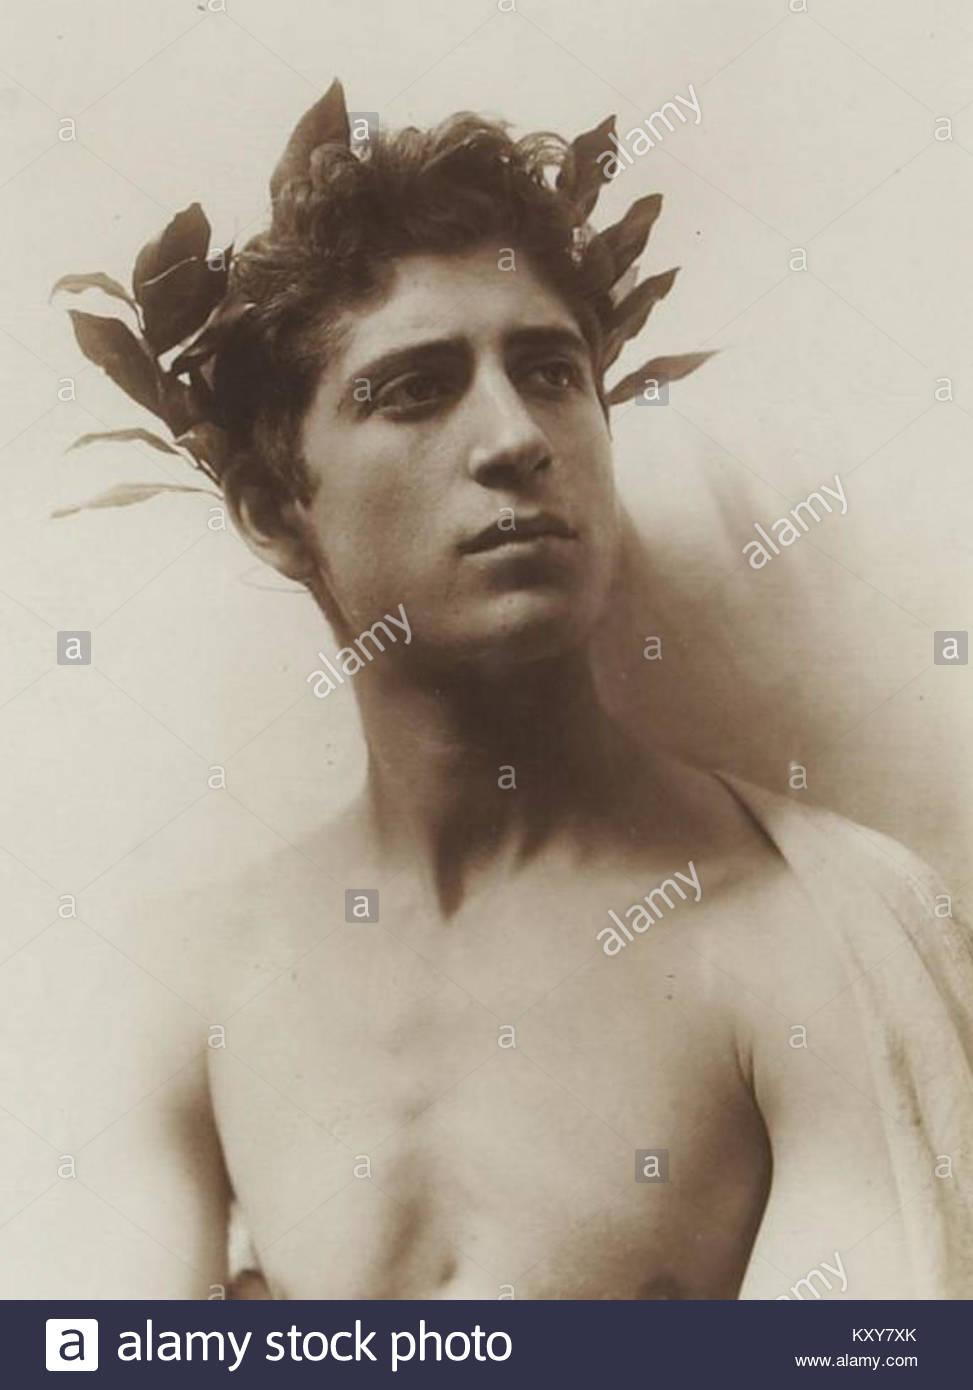 Gloeden, Wilhelm von (1856-1931) - n. 1590 - Adolescente laureato - Sito del Musée d'Orsay Immagini Stock
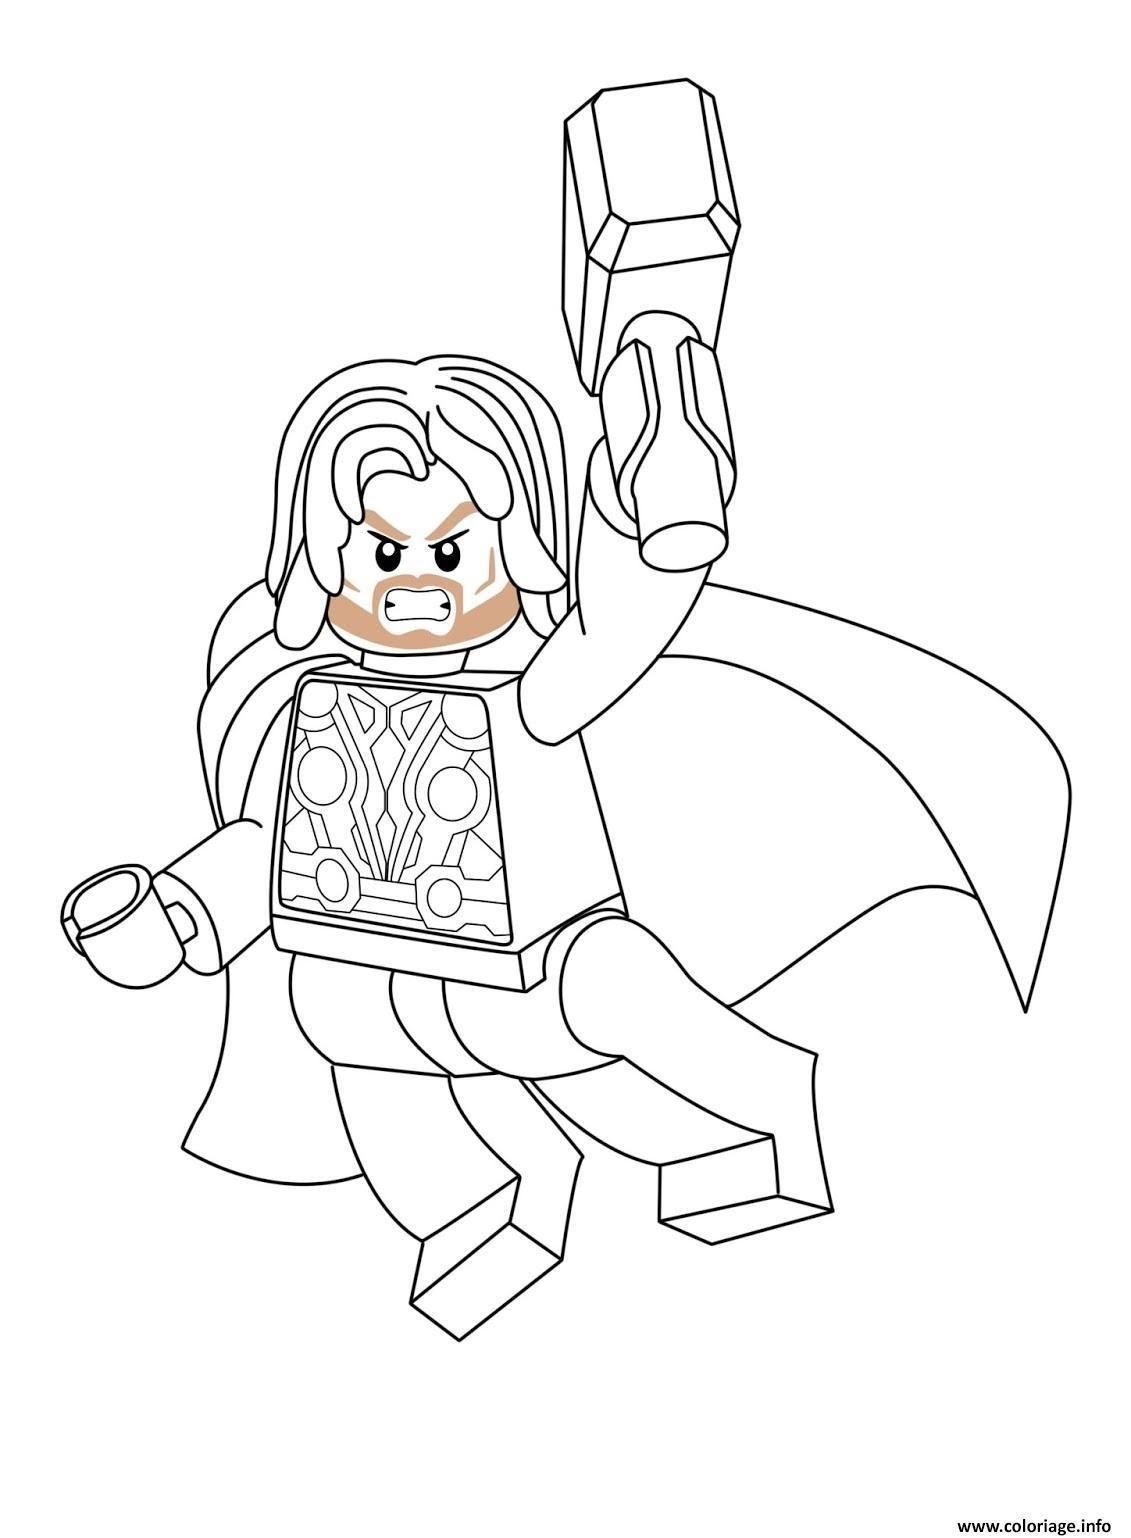 10 Coloriage Imprimer Thor Superhero Coloring Pages Superhero Coloring Lego Coloring Pages
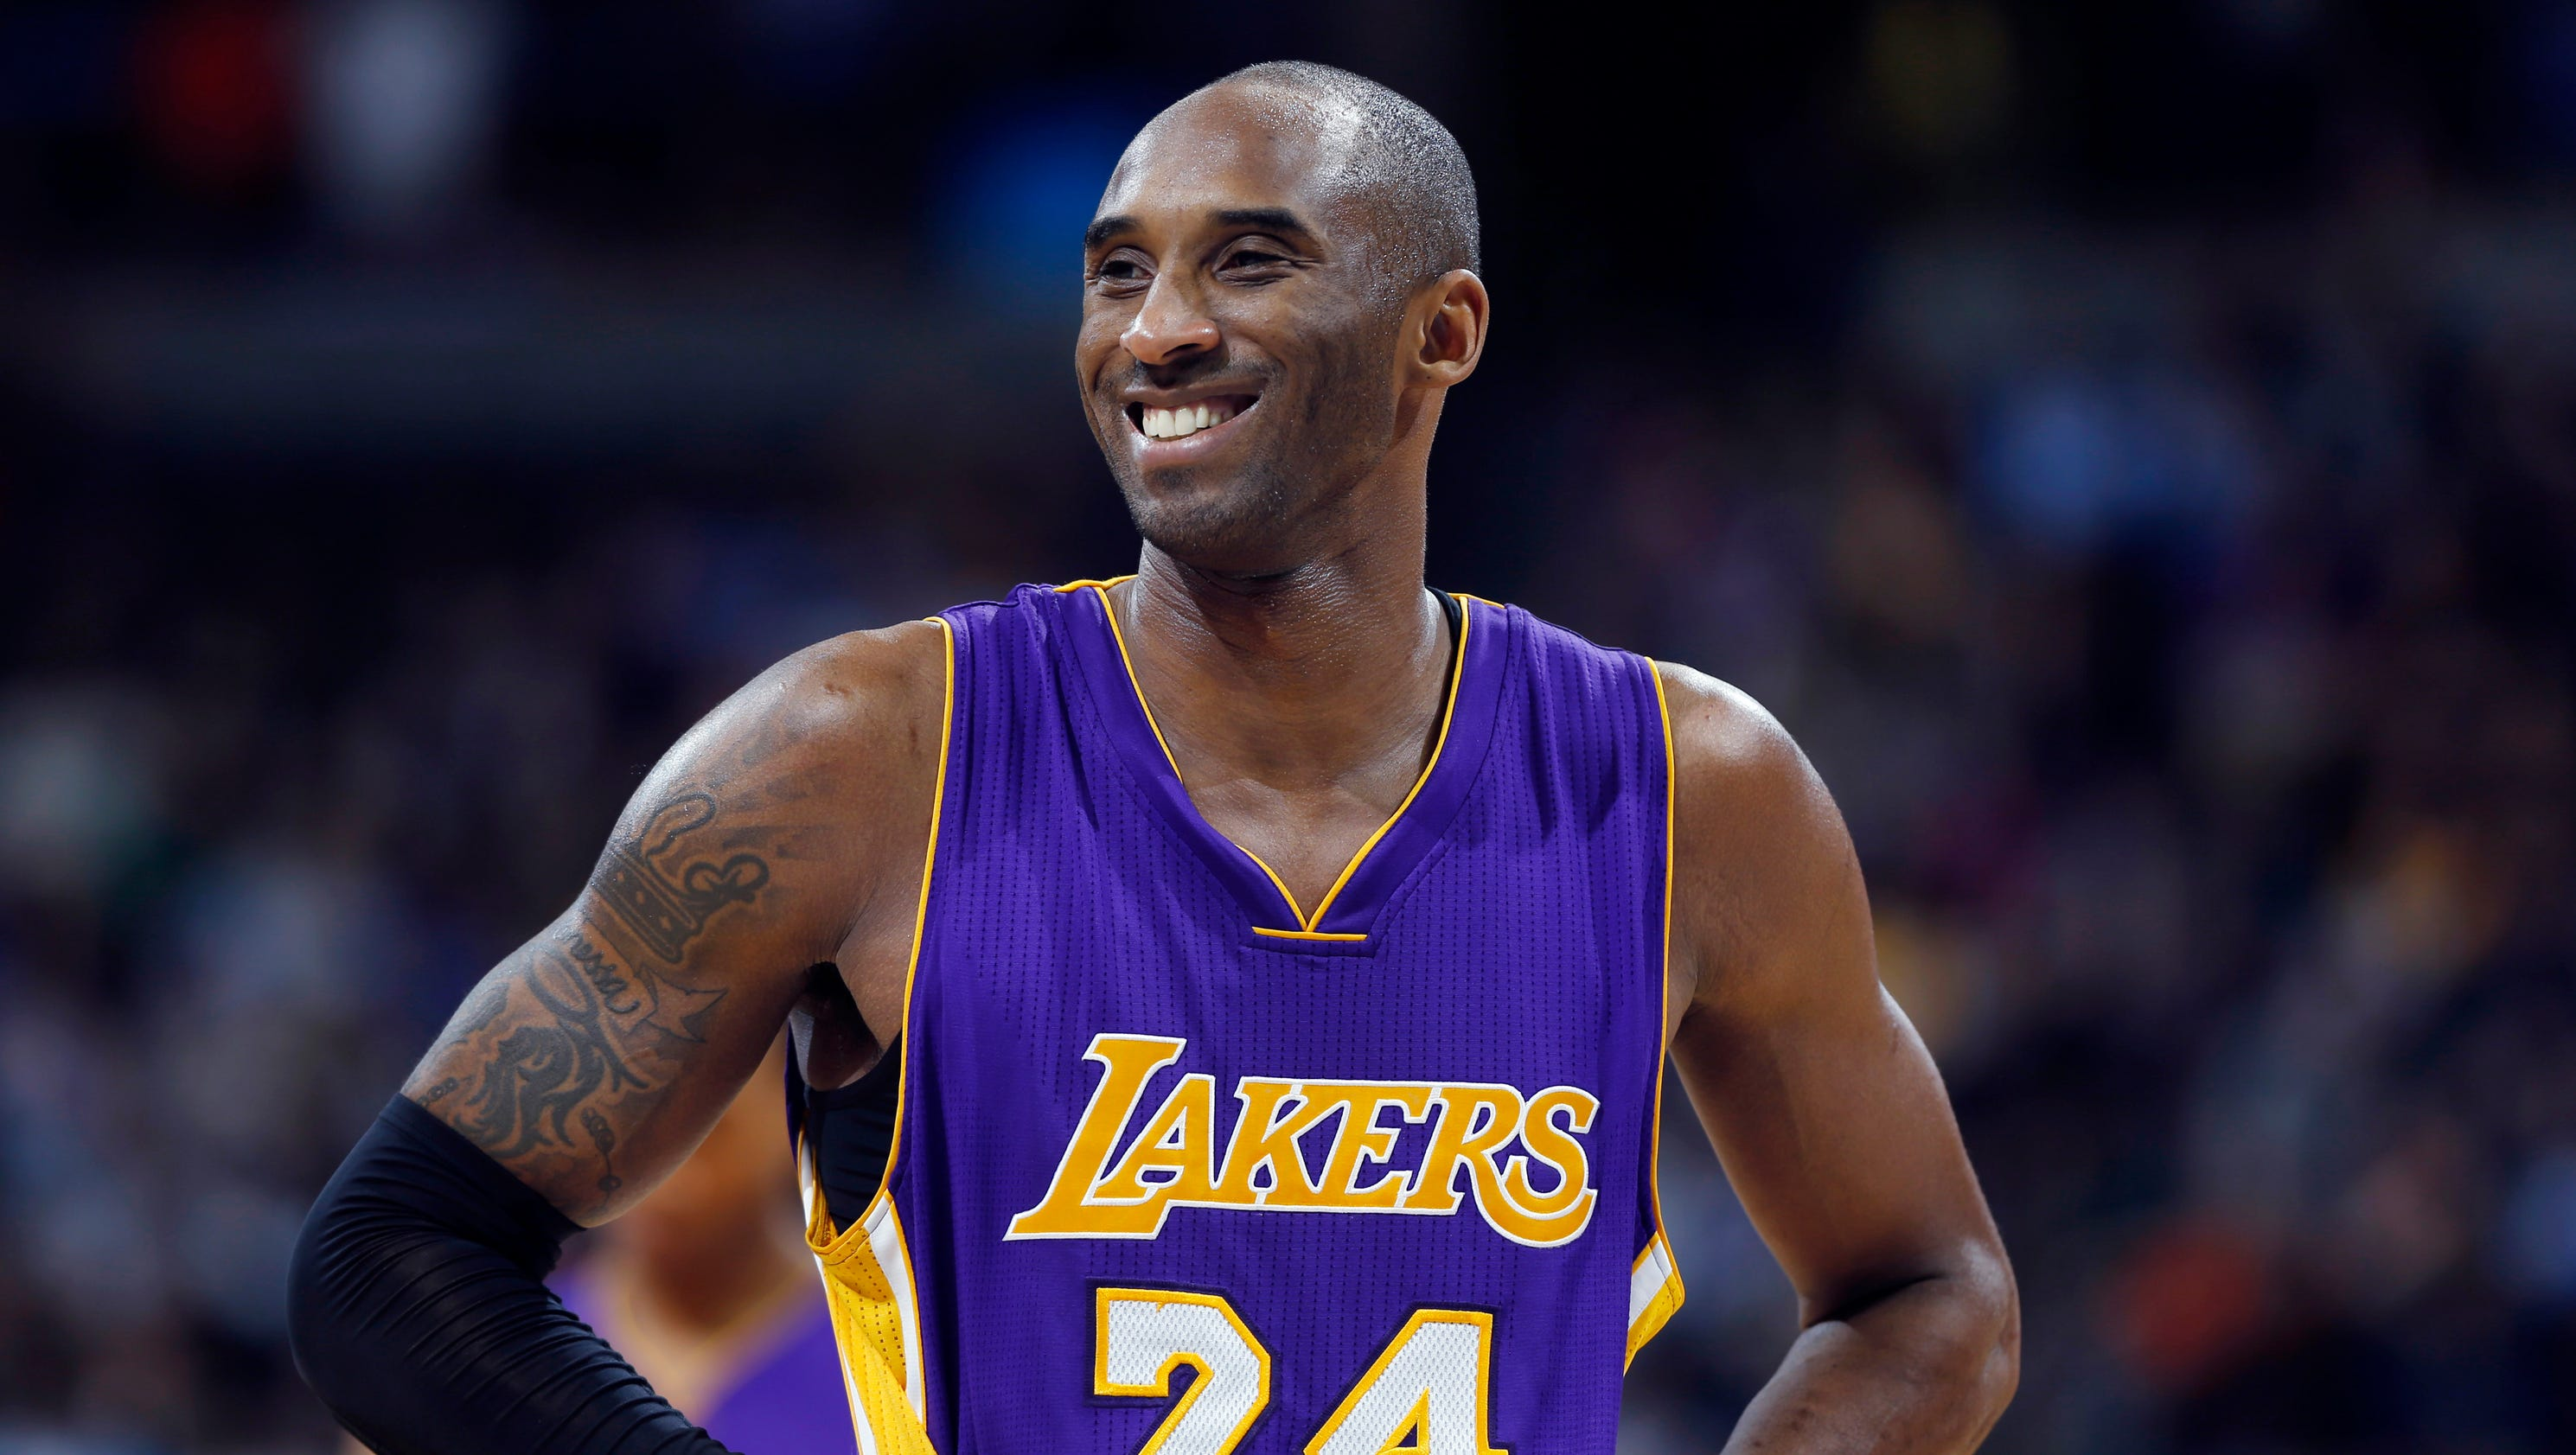 Kobe Bryant will be on floor for Lakers preseason opener

******************************

## Work to be completed
All that's required is the material above repeated exactly, minus any picture.

## Output of the exercise
 Gloeden, Wilhelm von (1856-1931) - n. 1590 - Adolescente laureato - Sito del Musée d'Orsay Immagini Stock
 10 Coloriage Imprimer Thor Superhero Coloring Pages Superhero Coloring Lego Coloring Pages
 Kobe Bryant will be on floor for Lakers preseason opener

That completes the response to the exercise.